BG: One thing that has always struck me about Gershwin and his music is its democratic, multi-cultural aspect. And I think he was very conscious of that.

Gershwin aspired to create a genuine American idiom. In the 1926 Theatre Magazine article you cite in your book, titled “Jazz is the Voice of the American Soul,” he describes his own development. He writes:

Old music and new music, forgotten melodies and the craze of the moment, bits of opera, Russian folk songs, Spanish ballads, chansons, ragtime ditties combined in a mighty chorus in my inner ear. And through and over it all I heard, faint at first, loud at last, the soul of this great America of ours.

And what is the voice of the American soul? It is jazz developed out of ragtime, jazz that is the plantation song improved and transformed into finer, bigger harmonies. …

I do not assert that the American soul is Negroid. But it is a combination that includes the wail, the whine, and the exultant note of the old “mammy” songs of the South. It is black and white. It is all colors and all souls unified in the great melting pot of the world. …

But to be true music it must repeat the thoughts and aspirations of the people and the time. My people are Americans. My time is today.

He really, it seems to me, did fuse all sorts of different cultural trends—jazz, classical, Debussy, black music. It did sync, I think, with the best of the optimistic, booming period in the United States that was taking place.

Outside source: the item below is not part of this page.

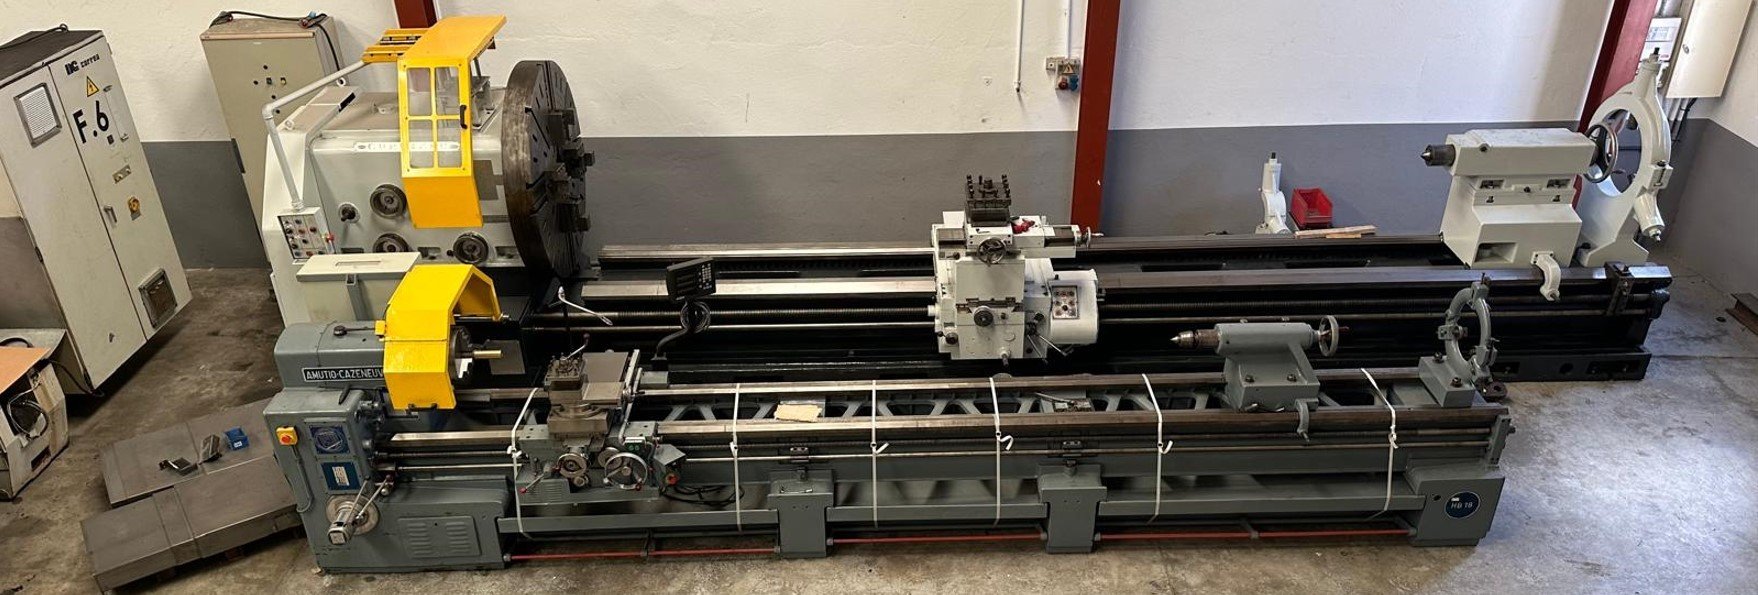 Used lathes :: Used Industrial Machinery - Valcomaq

MF: I think that’s accurate. He was influenced by all the sounds that he heard, and he did assimilate them, being a kid who grew up in New York and experienced different ethnicities and different types of music. And that’s why you can read an analysis that someone has written about the critical influence that Yiddish musical theater had on him, or an article I read that talked about how he was heavily influenced by Grieg. And Abram Chasins, the pianist and critic, said that George stole from Rachmaninoff. And they all very deftly prove their points, pointing out musical examples and such. But it’s because he was affected by all of that, and it was his distillation of it through his own being that made it fresh and new.

BG: Last question. What do you think about the way in which the centenary is being marked or celebrated so far? How pronounced is it? How international?

MF: I just put together a podcast that I’ll post at some point, talking about the history of the Rhapsody and playing archival interviews and such. I did an interview for “BBC Radio Two.” They’re doing a radio documentary on the Rhapsody. So I’m aware of that. So, as usual, in Europe and England they’ll probably be doing a much greater celebration of Gershwin than there will be over here.